◆ PROBLEM REQUIREMENTS
After locating the line that contains "cactus hungtington gardens op14.jpg" in the records below, write out exactly that line and each line after it through the one that contains "Vue de l'arrière de la cathédrale", and nothing else.

Data items:
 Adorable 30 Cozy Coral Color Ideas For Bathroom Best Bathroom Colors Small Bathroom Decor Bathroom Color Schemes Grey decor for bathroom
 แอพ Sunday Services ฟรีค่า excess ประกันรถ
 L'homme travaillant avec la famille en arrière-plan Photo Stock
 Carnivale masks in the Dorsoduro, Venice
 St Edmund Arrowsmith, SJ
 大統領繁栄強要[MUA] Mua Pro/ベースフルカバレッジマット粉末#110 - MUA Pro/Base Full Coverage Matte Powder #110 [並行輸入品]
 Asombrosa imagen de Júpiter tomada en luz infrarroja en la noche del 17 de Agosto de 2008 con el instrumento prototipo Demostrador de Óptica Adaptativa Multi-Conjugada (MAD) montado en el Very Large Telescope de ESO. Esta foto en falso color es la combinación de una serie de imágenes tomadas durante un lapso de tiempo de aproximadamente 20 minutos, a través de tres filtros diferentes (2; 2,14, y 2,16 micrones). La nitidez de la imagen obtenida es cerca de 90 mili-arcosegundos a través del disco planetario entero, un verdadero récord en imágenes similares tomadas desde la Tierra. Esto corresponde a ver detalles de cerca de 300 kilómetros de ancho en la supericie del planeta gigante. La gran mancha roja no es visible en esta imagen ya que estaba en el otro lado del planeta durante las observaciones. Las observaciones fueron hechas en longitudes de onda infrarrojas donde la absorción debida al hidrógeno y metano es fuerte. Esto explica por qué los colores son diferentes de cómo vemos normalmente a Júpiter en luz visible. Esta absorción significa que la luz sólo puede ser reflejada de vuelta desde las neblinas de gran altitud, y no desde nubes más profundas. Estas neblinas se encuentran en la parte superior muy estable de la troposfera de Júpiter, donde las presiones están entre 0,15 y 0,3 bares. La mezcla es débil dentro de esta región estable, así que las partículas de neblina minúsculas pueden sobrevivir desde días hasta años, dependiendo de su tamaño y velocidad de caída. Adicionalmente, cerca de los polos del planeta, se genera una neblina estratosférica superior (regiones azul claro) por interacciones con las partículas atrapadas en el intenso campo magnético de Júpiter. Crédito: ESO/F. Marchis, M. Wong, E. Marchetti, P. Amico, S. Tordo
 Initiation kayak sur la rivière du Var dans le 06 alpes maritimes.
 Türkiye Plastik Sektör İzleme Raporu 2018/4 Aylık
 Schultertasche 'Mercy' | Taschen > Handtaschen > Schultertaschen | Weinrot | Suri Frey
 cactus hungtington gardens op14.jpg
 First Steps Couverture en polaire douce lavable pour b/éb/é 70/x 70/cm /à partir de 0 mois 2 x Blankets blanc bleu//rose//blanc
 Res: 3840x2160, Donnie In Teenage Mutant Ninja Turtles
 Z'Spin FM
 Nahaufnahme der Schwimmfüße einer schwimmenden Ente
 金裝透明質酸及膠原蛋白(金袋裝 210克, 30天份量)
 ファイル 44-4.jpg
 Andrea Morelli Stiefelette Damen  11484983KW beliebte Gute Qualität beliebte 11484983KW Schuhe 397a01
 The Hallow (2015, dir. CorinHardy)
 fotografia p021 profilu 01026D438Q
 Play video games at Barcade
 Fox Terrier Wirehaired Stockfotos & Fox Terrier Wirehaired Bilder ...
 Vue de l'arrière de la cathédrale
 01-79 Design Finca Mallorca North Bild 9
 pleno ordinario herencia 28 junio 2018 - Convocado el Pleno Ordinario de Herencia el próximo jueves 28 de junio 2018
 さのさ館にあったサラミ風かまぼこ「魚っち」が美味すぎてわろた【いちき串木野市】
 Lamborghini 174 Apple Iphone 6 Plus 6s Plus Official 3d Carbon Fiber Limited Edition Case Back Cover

◆ SOLUTION TO THIS TASK
 cactus hungtington gardens op14.jpg
 First Steps Couverture en polaire douce lavable pour b/éb/é 70/x 70/cm /à partir de 0 mois 2 x Blankets blanc bleu//rose//blanc
 Res: 3840x2160, Donnie In Teenage Mutant Ninja Turtles
 Z'Spin FM
 Nahaufnahme der Schwimmfüße einer schwimmenden Ente
 金裝透明質酸及膠原蛋白(金袋裝 210克, 30天份量)
 ファイル 44-4.jpg
 Andrea Morelli Stiefelette Damen  11484983KW beliebte Gute Qualität beliebte 11484983KW Schuhe 397a01
 The Hallow (2015, dir. CorinHardy)
 fotografia p021 profilu 01026D438Q
 Play video games at Barcade
 Fox Terrier Wirehaired Stockfotos & Fox Terrier Wirehaired Bilder ...
 Vue de l'arrière de la cathédrale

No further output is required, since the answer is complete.